Why is the surgery being performed? Intussusception can cause reduced blood flow to part of the bowel, which would stop it functioning properly and can also lead to problems with infection. The effects of intussusception, like dehydration due to vomiting, can become serious quite quickly in children, so the condition needs emergency treatment.
Anatomical explanation of surgery (diagram):
If your child is not well enough to have an enema, or if the enema did not reduce the intussusception, your child will need an operation under general anaesthetic.
Your child’s surgeon will gently squeeze the bowel to push out the inner segment. He or she will also examine the bowel to see if there is blood flow to that part of the bowel and if it looks healthy.

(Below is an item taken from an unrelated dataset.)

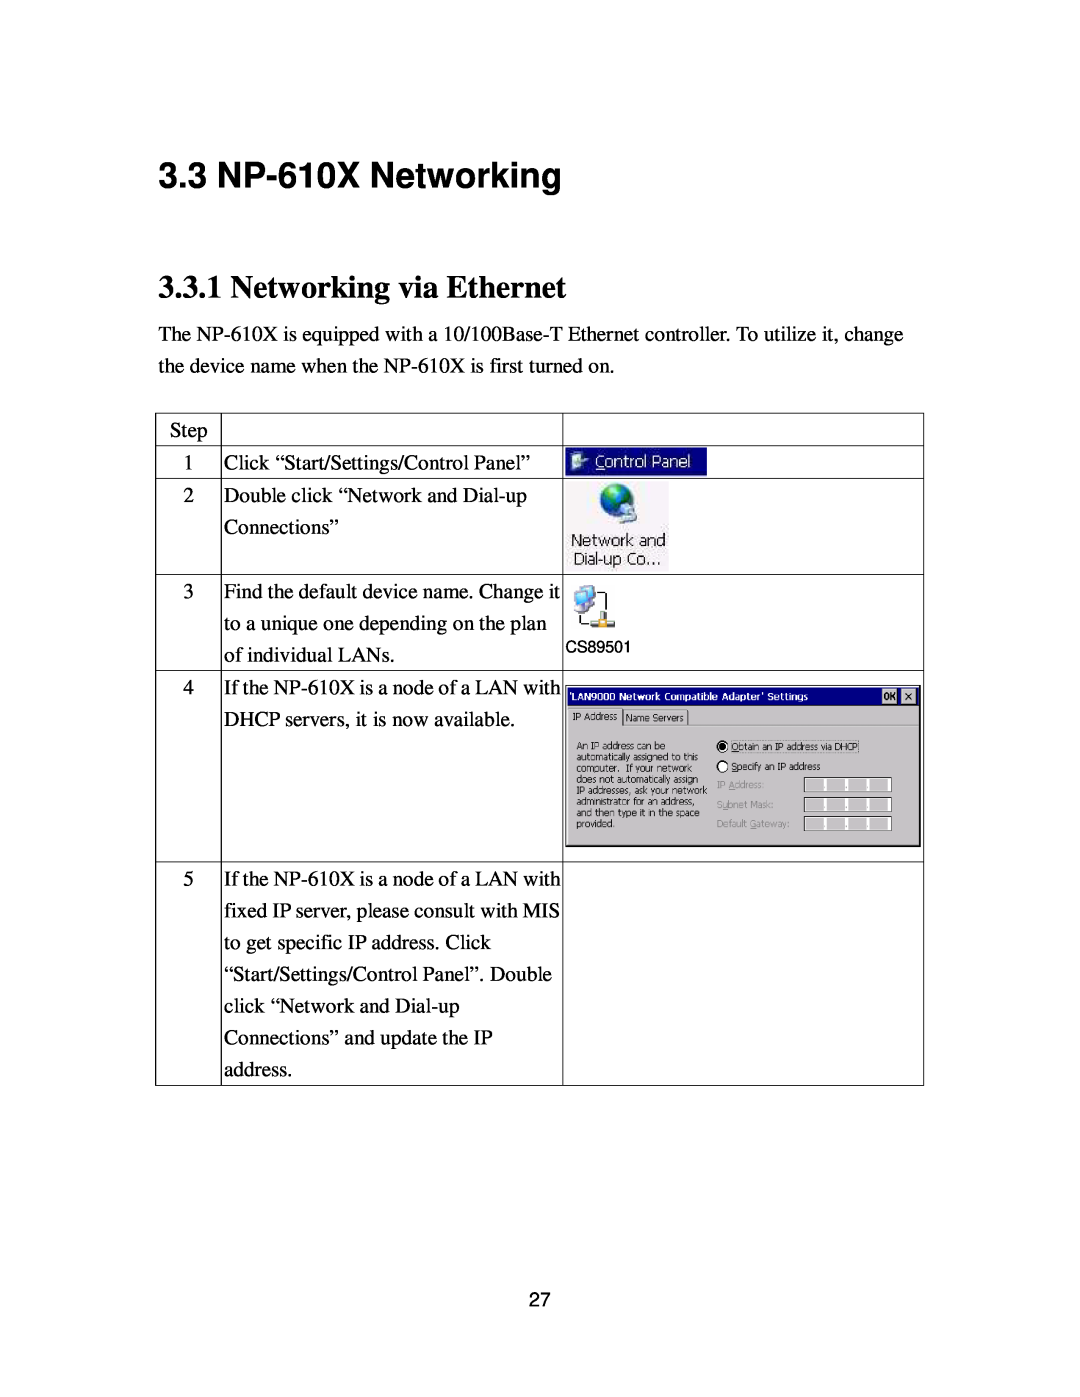 Nextar user manual 3.3 NP-610X Networking, Networking via Ethernet

The surgeon will remove any part of the bowel where tissue has died due to the lack of blood flow. The amount can vary, but the surgeon will leave as much bowel as possible.
Any special test before surgery: An enema is usually the first treatment. A tube is inserted into your child’s bottom and air or oxygen is released into the bowel. This works by expanding the bowel, so that the intussusception corrects itself. If the enema works well, you will be able to return home in a day or so.
Preparations before surgery: If your child is dehydrated, he or she will need a drip of fluids for a while before treatment starts. Your child will also need a nasogastric tube, which is passed up the nose, down the food-pipe and into the stomach. This will drain off the stomach and bowel contents, and ‘vent’ any air that has built up, which will make your child more comfortable.
Risk of surgery: All surgery carries a small risk of bleeding during or after the operation. There is a chance that the bowel could be damaged during the operation, but this is very rare. If bowel damage occurs, this can be fixed in the same operation.
Care during Hospitalization:
Your child will come back to the ICU to recover.
For the first 48 hours after the operation, we will monitor your child closely. He or she may be connected to monitors to check his or her breathing, heart rate and oxygen levels. Your child will have been given pain relieving medications during the operation, but these will begin to wear off. For the first few days, pain relief will usually be given through a ‘drip’ and then, when your child is more comfortable, in the form of medicines to be swallowed.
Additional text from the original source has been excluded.